1, although hormones do not provide long-term results for the prevention of MS, patients with optic neuritis attacks have a significantly increased risk of MS onset, and patients who underwent their first methylprednisolone shock therapy reduced the incidence of MS, delaying its onset by as much as 2 years.
2. Acute optic neuropathy without cause is mostly treated with hormonal therapy. Although some cases can have self-remission, hormone therapy can lead to faster and more complete recovery.
3. The recovery of vision was faster in the methylprednisolone-treated group than in the oral prednisolone group, but only for the first 2 weeks, and there was no significant difference in the recovery of vision between these two groups and the oral placebo control group after 6 months.

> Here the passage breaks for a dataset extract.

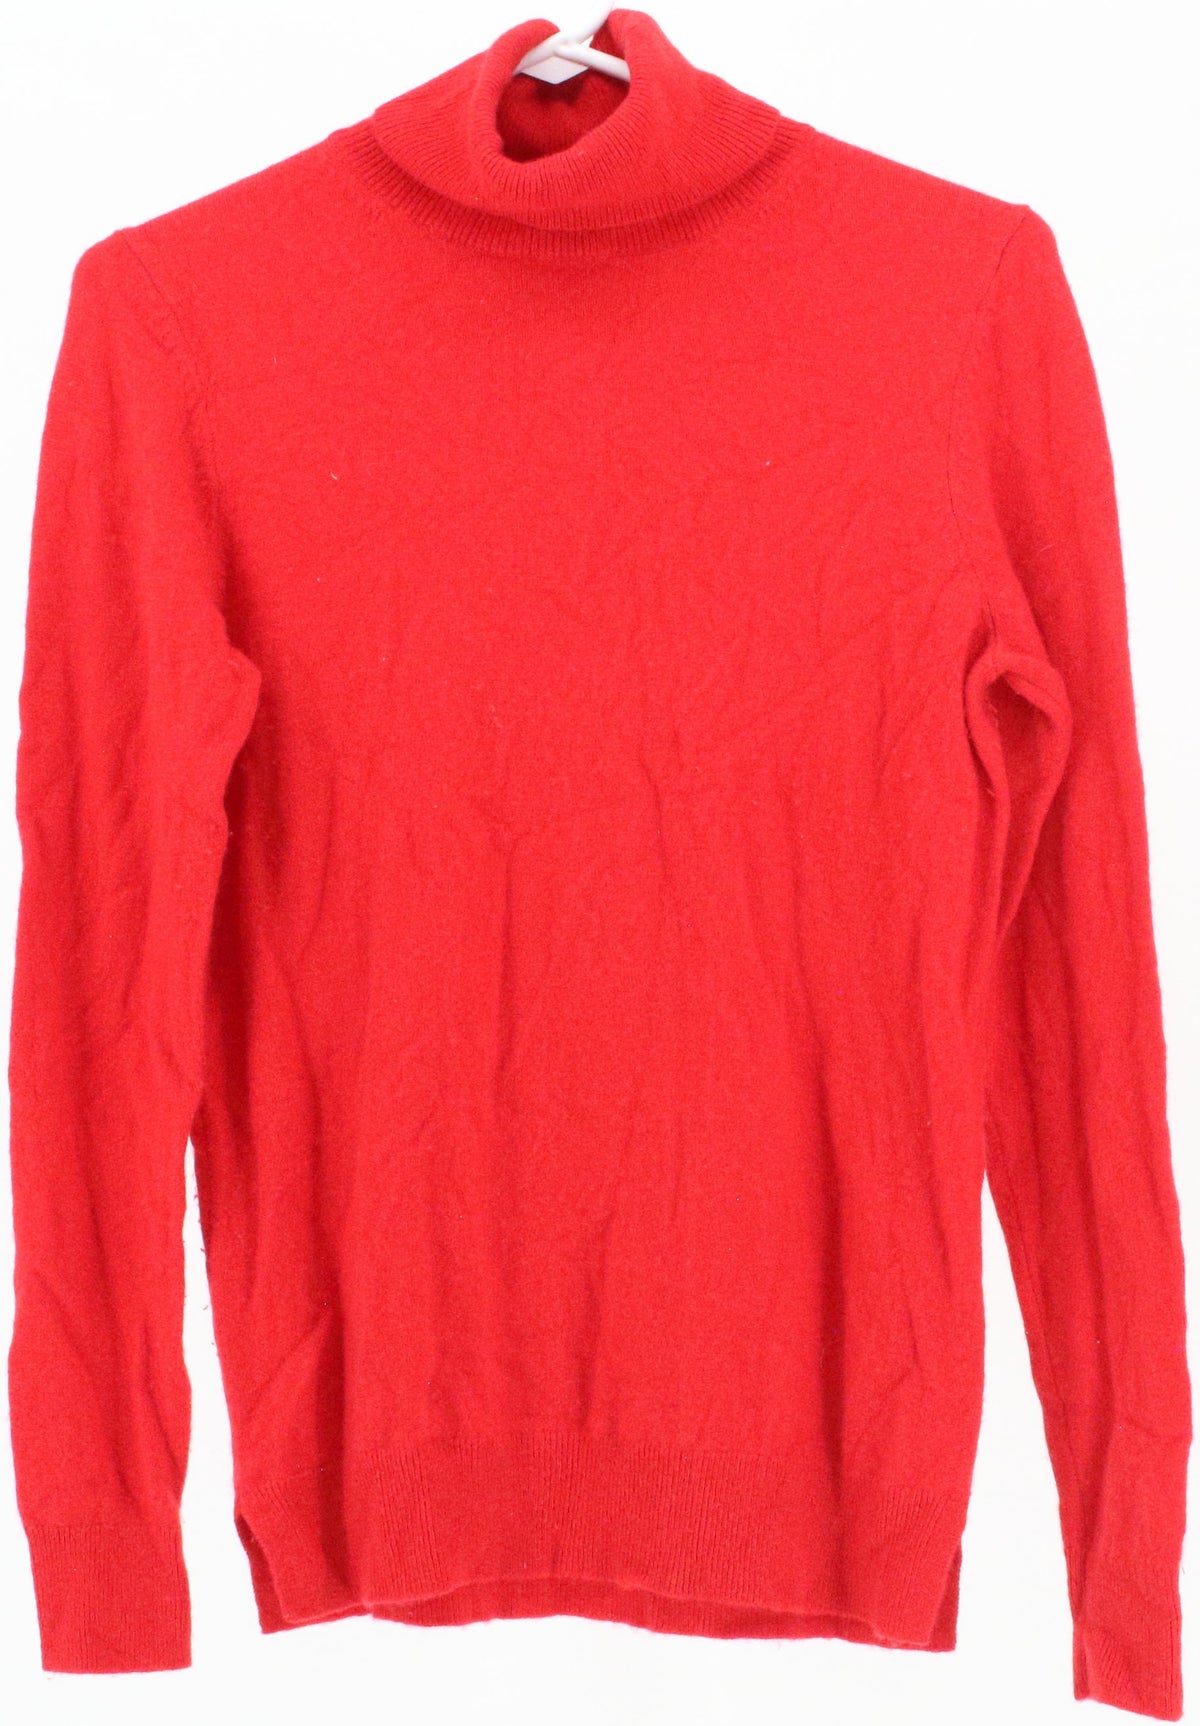 Ann Taylor Red Turtleneck Cashmere Sweater

The recurrence rate of typical optic neuritis is about 25%. On the other hand, due to color vision loss, patchy visual field defects, and decreased contrast sensitivity, patients complain of “no longer being as clear as before the onset of the disease” even though their vision has recovered well. In other words, even if the patient’s vision is “restored”, the color vision abnormalities and relative pupillary afferent disorder (RAPD) will persist.
Tips: Tips
1. Sudden changes in body temperature (e.g., sauna), pregnancy, colds, fever, exertion, etc., may trigger an attack of optic neuritis.
2. Long-term application of drugs such as ethambutol, isoniazid and quinine may cause optic neuritis. Some patients have even developed optic neuritis after six months of ethambutol application. In addition, excessive smoking and alcohol can also cause optic neuritis lesions.
3. Patients with a history of tuberculosis (treated with anti-TB drugs) should receive regular ophthalmology-related examinations.